Cette façon de raconter l'histoire, inspirée de l'historiographie
foucaldienne, s'avère ici passionnante. On montre ainsi comment la
réaction venue du milieu des affaires, Chamayou assume faire une
histoire «d'en haut», à savoir du point de vue des dominants, aux
critiques de la gauche sur le modèle économique capitaliste dans les
années 1960 et 1970. En cela l'ouvrage tranche avec plusieurs écueils:
la vision unitaire d'un néolibéralisme qui se serait imposé de façon
implacable et cohérente, qui confine à une forme de complotisme, tout
comme l'éclatement de plusieurs possibilités qui viennent dissoudre
l'idée même de l'existence du néolibéralisme en une série de discours
discordants. On voit ainsi comment la pensée néolibérale, réagissant aux
différentes critiques venues de plusieurs milieux de gauche, s'est
composée de façon «bâtarde», principalement aux États-Unis, lieu
principal d'élaboration de la nouvelle pensée libérale, mais possédant
néanmoins une certaine unité visant à défendre des positions politiques
par divers moyens.
L'ouvrage est ainsi extrêmement riche en développements et analyses
historiques précises et sourcées, s'intéressant à des aspects différents
de la réponse «néolibérale» aux nombreuses critiques portant sur le
libéralisme et le capitalisme. Je donnerai ici uniquement quelques
exemples du type d'analyse qu'on trouve dans l'ouvrage.
Ainsi la première partie du livre s'intéresse aux réponses du patronat,
d'un point de vue stratégique, vis-à-vis des critiques portant sur le
travail, notamment dans les usines américaines d'automobile. Ces
critiques produisent des effets réels: absentéisme, désorganisation,
tentation d'autonomie des travailleurs, etc. Dans ce cadre les syndicats
sont également puissants et demandent des garanties toujours plus
importantes au patronat. Il va s'agir pour les milieux patronaux
américains de constituer une stratégie de réponse pour répondre aux
syndicats. Grégoire Chamayou décrit ainsi avec précision les indications
qu'on retrouve formulée à l'époque aux patrons et aux gestionnaires de
ces entreprises pour discipliner les travailleurs et casser les
syndicats. Il va s'agir par exemple de les cuisiner lors des entretiens
d'embauches pour savoir s'ils ont des sympathies progressistes, leur
tenir des discours sur l'inutilité des syndicats («La compagnie
fonctionne sans syndicat, et ce depuis longtemps.
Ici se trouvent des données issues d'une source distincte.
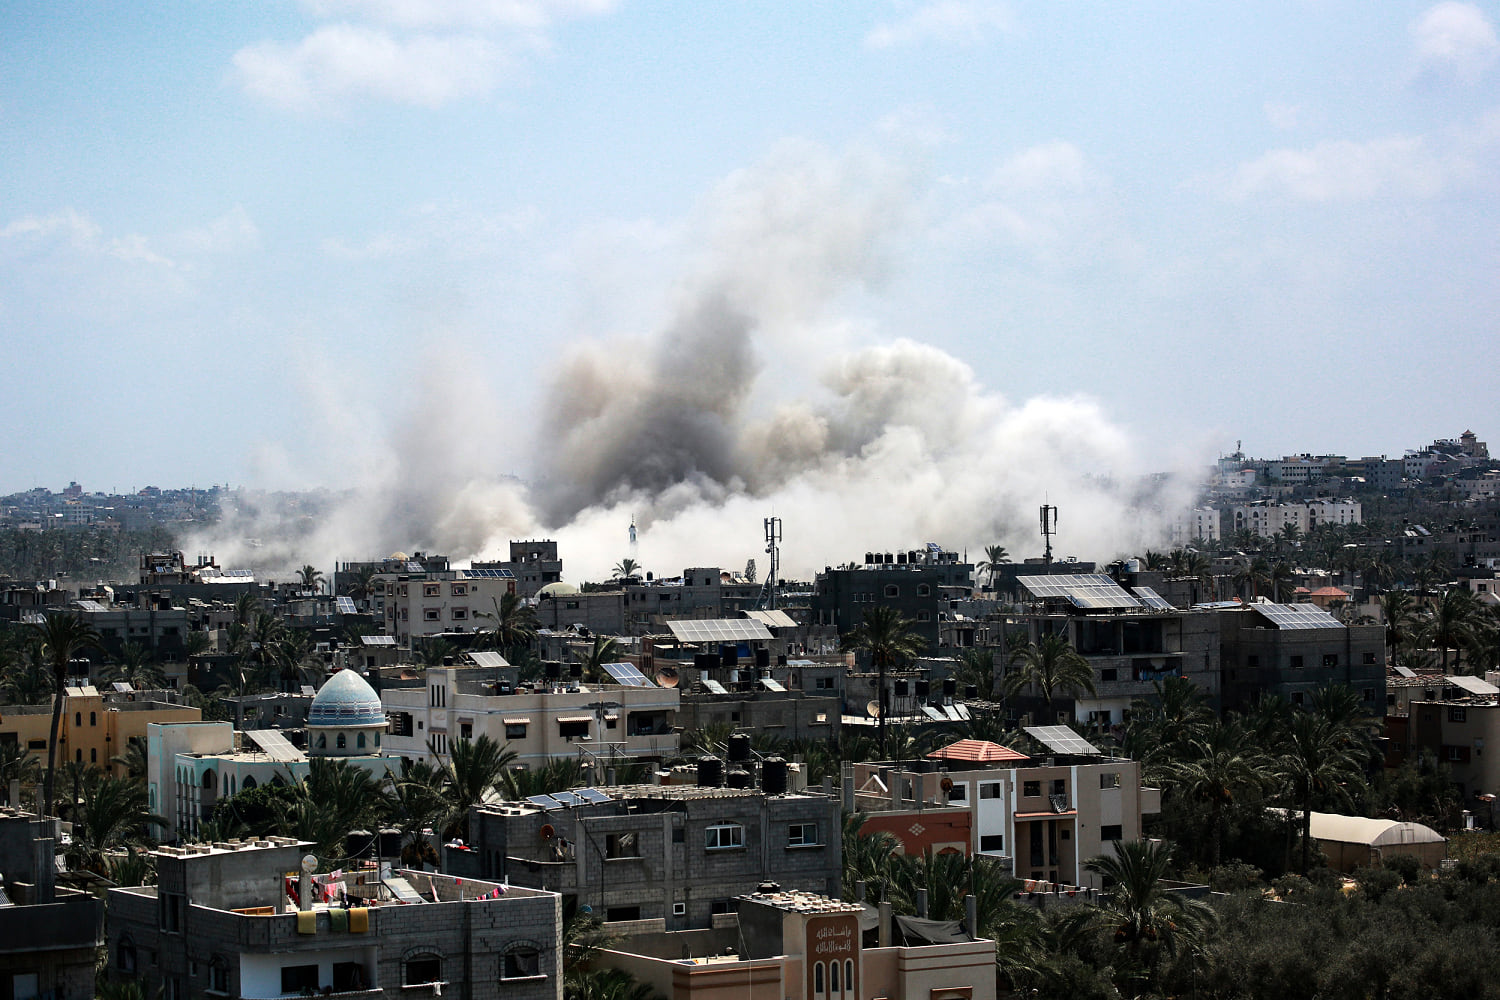 Israeli airstrike hits a school sheltering people in Gaza, killing at least 30

Nous ne disons pas que
les syndicats sont bons, ni d'ailleurs qu'ils sont mauvais, juste que
nous n'éprouvons pas le besoin d'en avoir chez nous; or il semble bien
que personne n'a jamais éprouvé le besoin d'en avoir chez nous,
puisqu'ici, il n'y a pas de syndicat.» p. 34), virer systématiquement
les syndiqués ou ceux qui songent à le faire, établir des profils
psychologiques des employés, mais aussi espionner les réunions pour voir
les leaders et, si besoin, les harceler en faisant appel à des groupes
spécialement constitués pour casser les leaders syndicaux. On conseille
ainsi non seulement de jouer sur le tableau répressif mais aussi sur le
tableau du discours corporate, de la responsabilisation individuelle
(«réglez vos problèmes vous-mêmes, vous êtes libres» etc.).
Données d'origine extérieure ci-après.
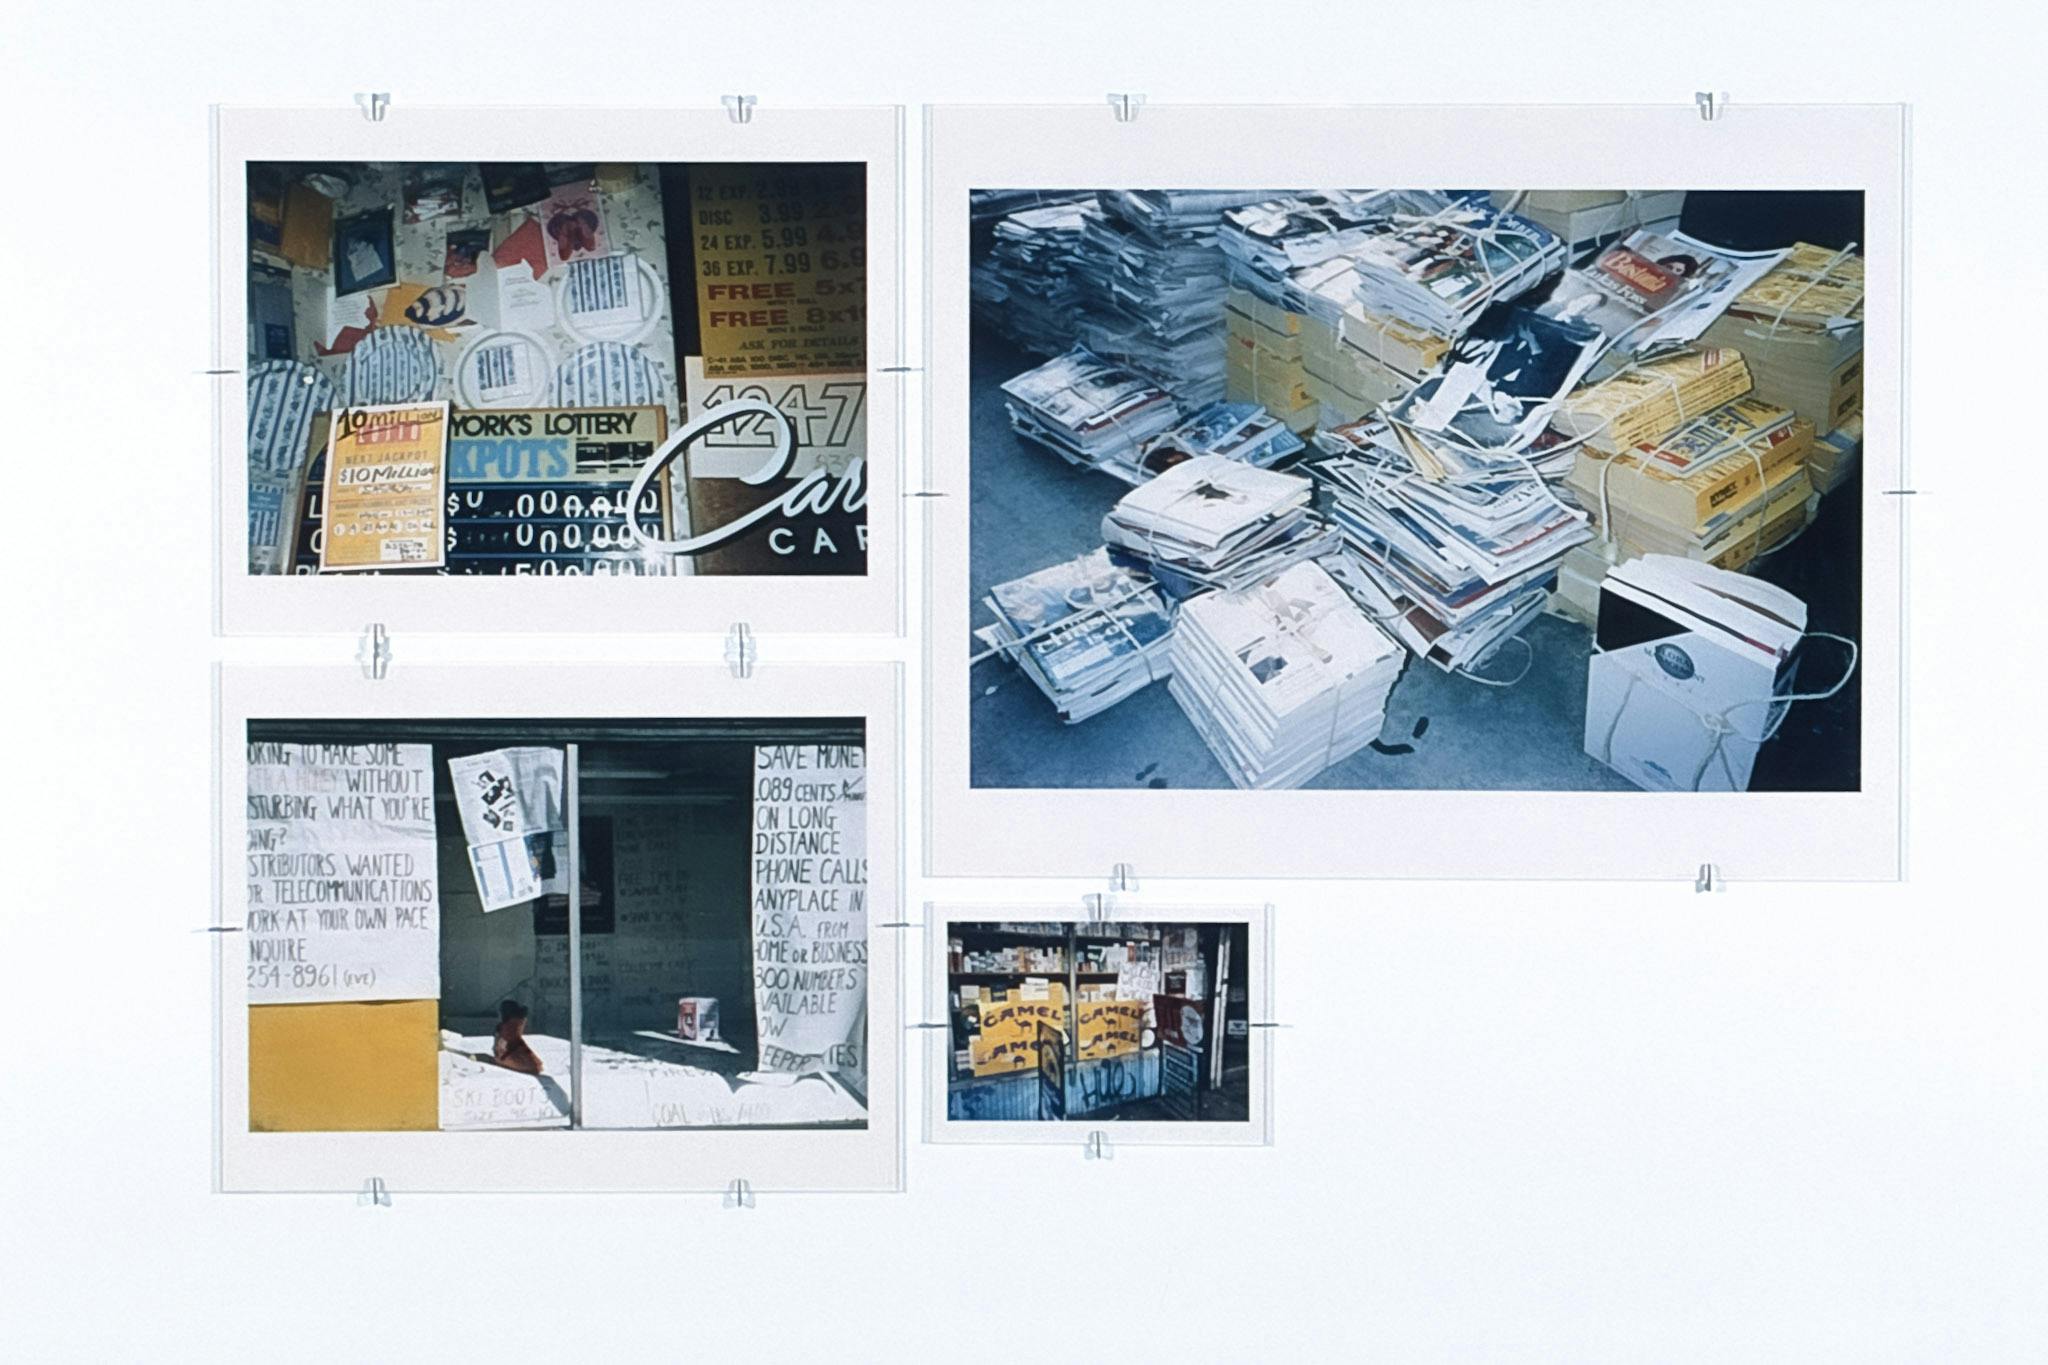 Four coloured photographs of various sizes are displayed on a gallery wall. All images depict paper. One photograph shows signs covering the wall, and the other shows piles of books to be recycled.

Ces réponses pratiques et stratégiques au sein de l'entreprise vont
s'articuler avec tout un discours scientifique que Chamayou déconstruit,
et qui vise à gommer l'aspect disciplinaire et hiérarchique de
l'entreprise. Ainsi il analyse la production scientifique économique de
la firme, qu'on appelle «néo-institutionnaliste». Il lit ainsi avec
précision un article de 1976 de Jensen et Meckling, extrêmement cité
dans la littérature, qui, sous couvert de défendre une théorie
scientifique de la firme comme «fiction juridique», vise en fait à
défendre un agenda politique en montrant que la firme, n'étant qu'une
fiction produite par le droit, ne peut avoir de «responsabilité sociale
ou écologique. La force de la démonstration de Chamayou est de montrer
l'entremêlement indiscutable de productions scientifiques au sein de la
discipline économique et de positionnements idéologiques réactionnaires
visant de fait à défendre la grande entreprise en essayant de gommer
l'exercice du pouvoir immanent à la situation hiérarchique du salariat.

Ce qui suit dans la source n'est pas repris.